While the university is faced with daunting realities of economic restraints, demographic shifts and even the question of the value of a college education, this cannot be a culture afraid to try and afraid to fail, Krise said.

“We need to create a culture of possibility,” he said. “We need to encourage some risk-taking.”

The accomplishments of the previous year show how Pacific Lutheran University is an institution that does not fit the defined mold of most universities and colleges, said Krise. The university does not have huge classes, or emphasize research above teaching, he said.

Krise noted that the type of faculty PLU attracts consider themselves teachers first.

PLU President Thomas W. Krise talking at the Olson Auditorium podium

“We really need to not be afraid of what a mentor of mine calls the full-speed mistake.”

“When you interview them, and ask, ‘When did you first get interested in teaching?’ they lean forward and talk about who first inspired them to be a teacher,” he said. Krise himself makes it a point to teach a class at least once a year, and will be taking students to Washington DC during J-term.

It’s often these professors who first come to mind, Krise said, when he asks alumni what they remember most about PLU.

“It’s all about relationships, and this is a deeply relational institution,” he said. A mother of a first-year Lute told Krise during a trip to Alaska that she was deeply grateful that her daughter was at an institution that meant so much to so many people.

“PLU is a New American University,” he said. “We need to be new, creative and bold to achieve the things we said we wanted to in PLU 2020.”

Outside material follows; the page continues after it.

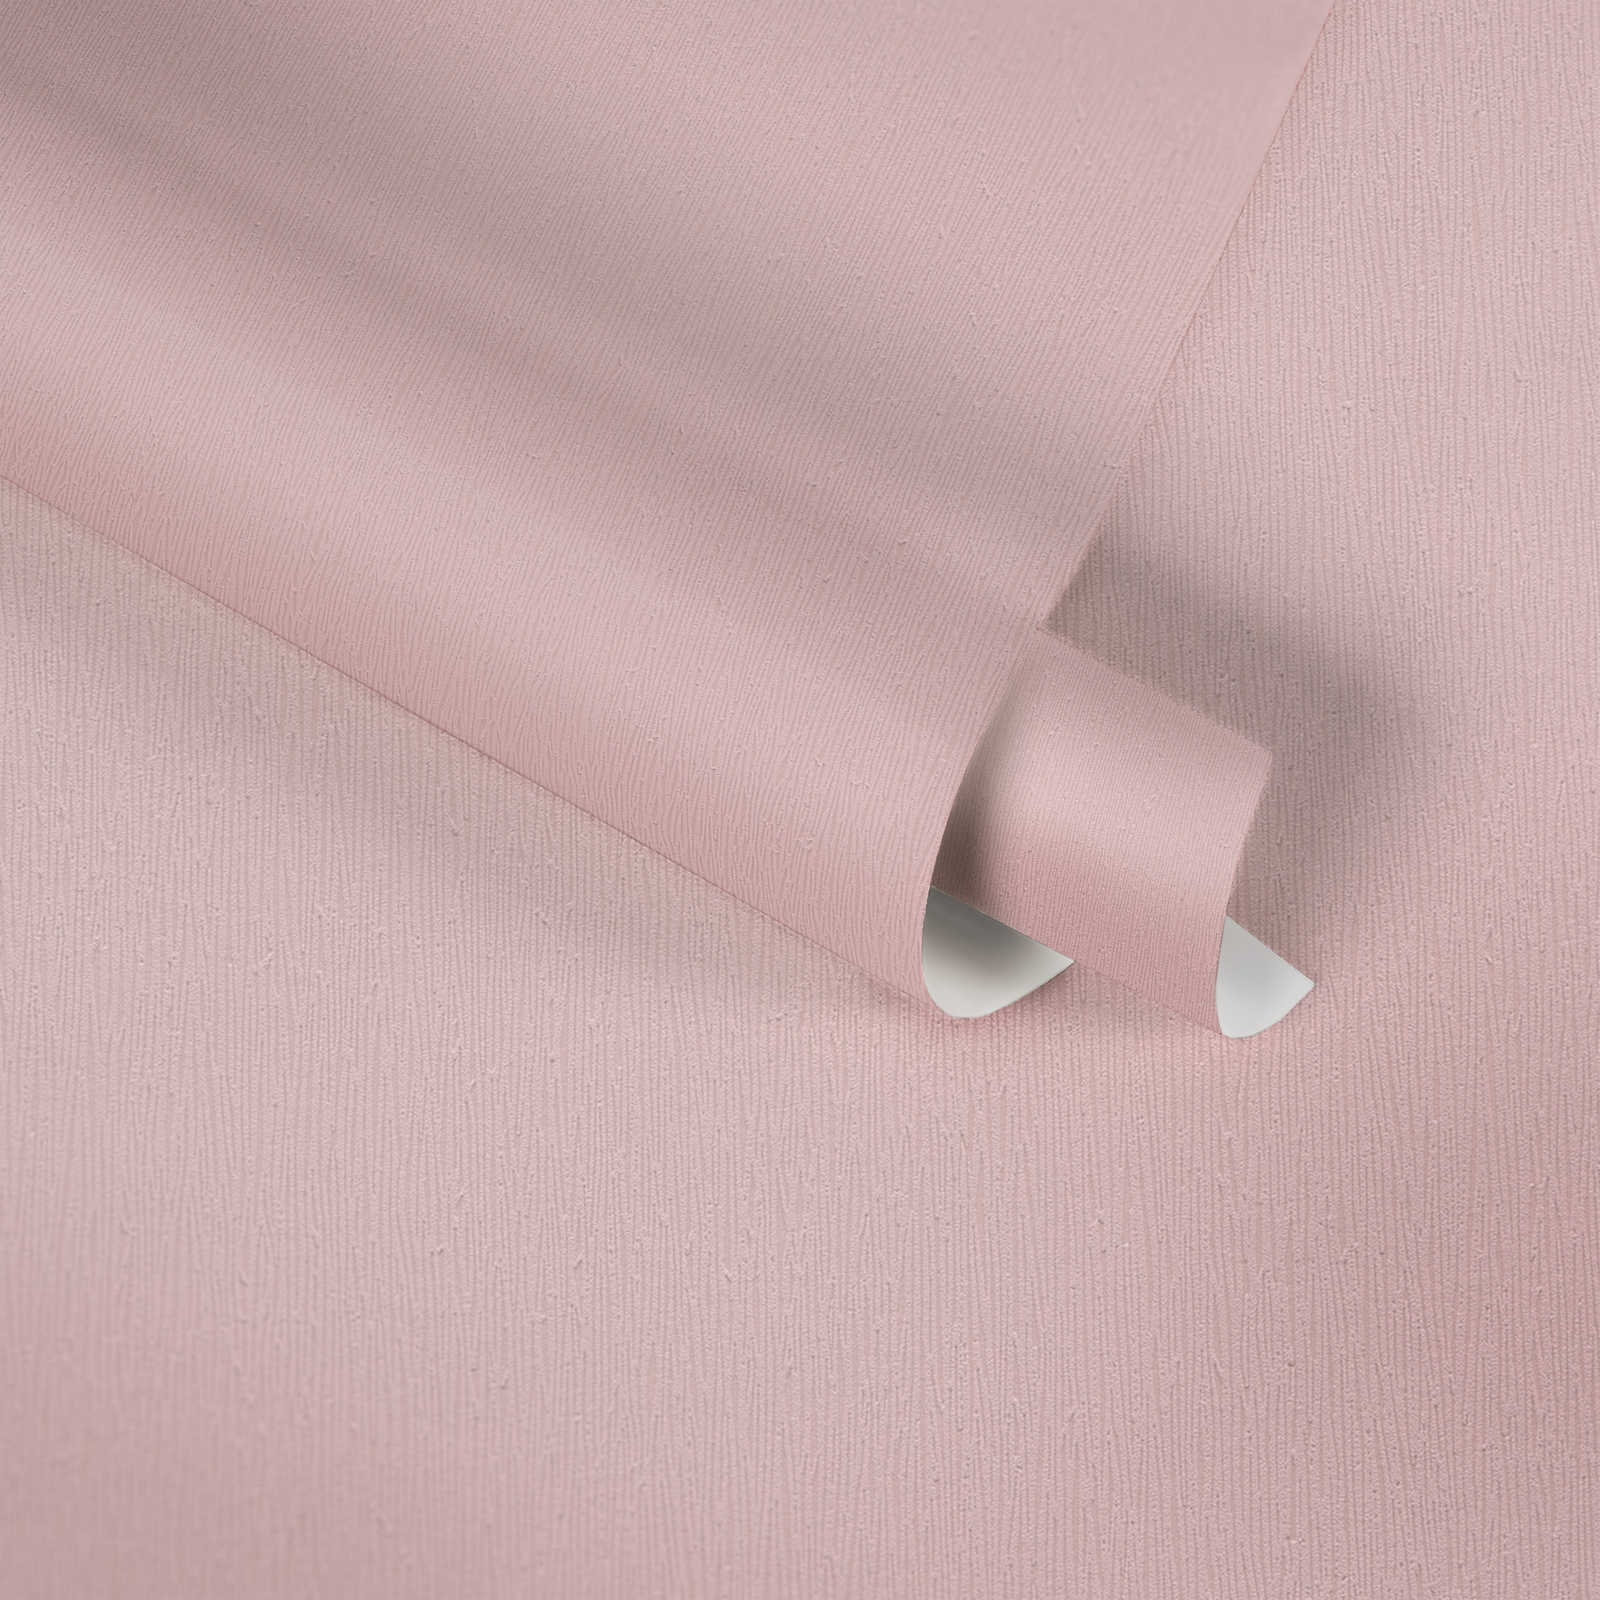             Carta da parati in tessuto non tessuto rosa baby con disegno monocromatico - Rosa
        
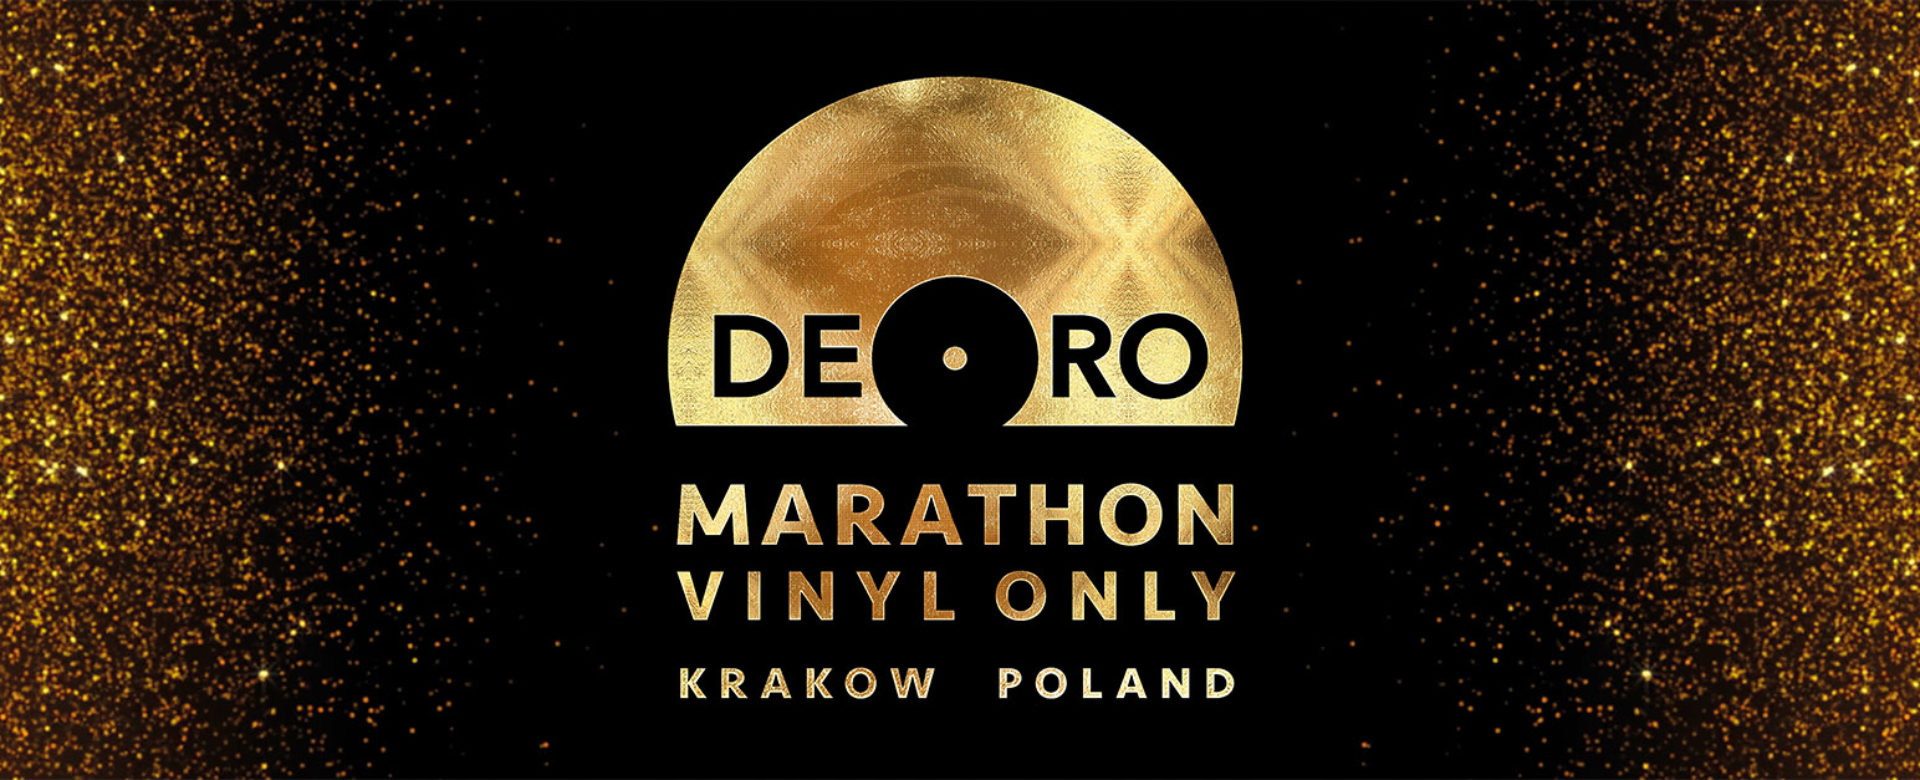 Kraków Vinyl Tango Maraton De Oro

The concept of a New American University was coined by Ernest Boyers, but it truly does mirror the mission envisioned by PLU’s first president, Bjug Harstad, who stated PLU would be “a university of the first rank.”As such a place of learning, the ideals should be ones of inspiring creativity and collaboration, embracing diversity and differences, and caring for the community and the world, Krise said.

“Let’s think about ways we can do our work more effectively, more creatively, more collaboratively,” Krise said. “How can we do our work better?”